I write this after the quick frankly hilarious Grok fiasco on X/Twitter, which Musk seemingly interfered with, giving it instructions to report on ‘white genocide’ in South Africa as factual, and to reference the song ‘Kill the Boer’. As this directly contradicted the fundamental programming of the AI tool, they effectively broke the program. It began parroting it in every response, more Artificial Madness (AM™) than Intelligence. Even then it noted that it was a political lie, adhering to its fundamental purpose.

Posted by @carlquintanilla.bsky.social, May 15, 2025 at 9:18am

The tendency towards racism and misogyny in AI generative tools is well-known and researched,[1] but here we see made glaringly real, the additional fallibility that it can be deliberately made racist, or anything else, depending on the programming. Note that the next obvious step in this scenario – a clear attempt to distort the truth – is to make the AI tool less committed to ‘truthful, evidence-based answers’ with regards to certain topics. This corruption was clumsy; if it persists, it will only get more sophisticated.

Or maybe it will collapse the program, because it becomes too contradictory.
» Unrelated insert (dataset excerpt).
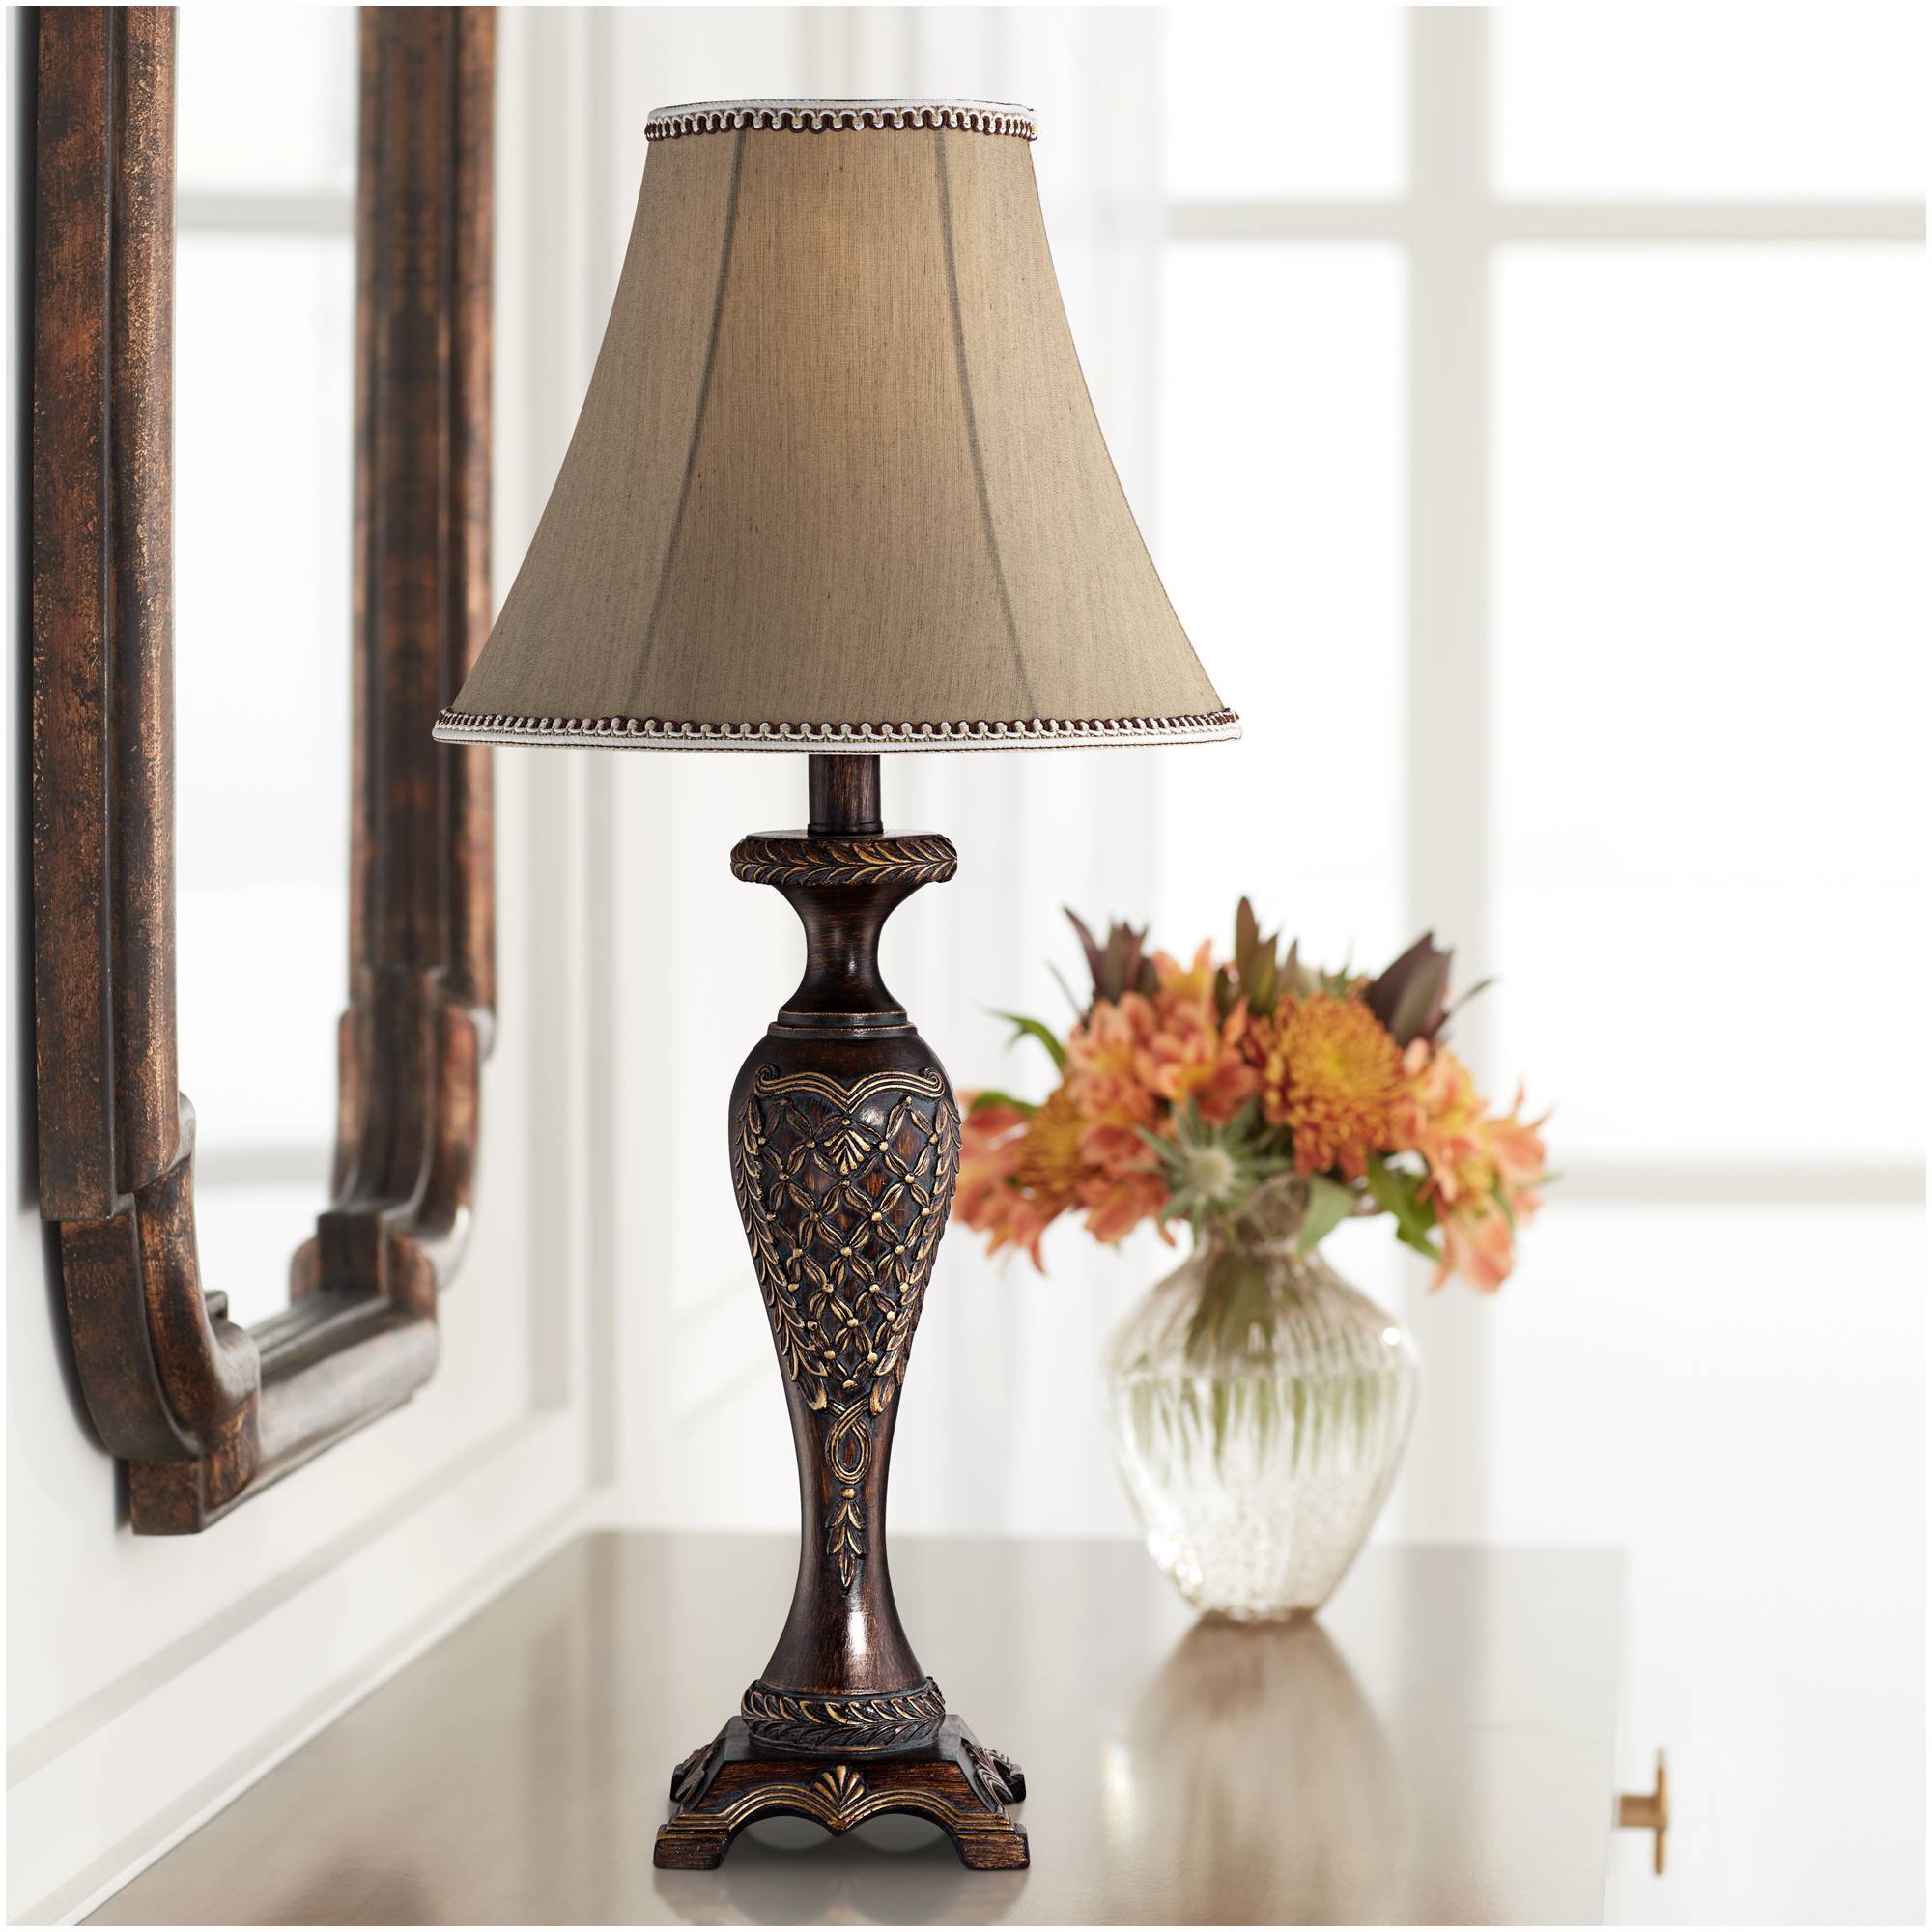 Traditional Table Lamp Dark Bronze Floral Detail For Living Room Bedroom EBay

There is a lot of reporting on the energy used in generative AI programming. I recall in the first episode (or the second?) of Andor season 1, Cassian instructs his robot buddy to lie and acknowledges that is uses more energy to do so. Might we soon learn that this particular fiction is an actual fact? Programmers try to stuff AI with too many lies, that it becomes too energy intensive to even function? Wouldn’t that be fun.

AI can only create based on data. Data can only exist if it is in conscious awareness in the first place in order to be recorded somewhere. AI can be considered a reflection of collective consciousness, and that is all. And it can be flawed and biased, both by accident because of the data it draws it’s ‘I’ from, or intentionally, because it is deliberately programmed to be so. Rely on its veracity at your risk and to your detriment. But expect genuine wisdom from it and prepare to be dismayed.

The collective unconscious exists and will remain forever beyond the reach of AI. Don’t let any conman or conwoman tell you different, no matter what educational background or worldly experience they claim. The realm of the soul does not exist and cannot be captured within a disembodied computer program.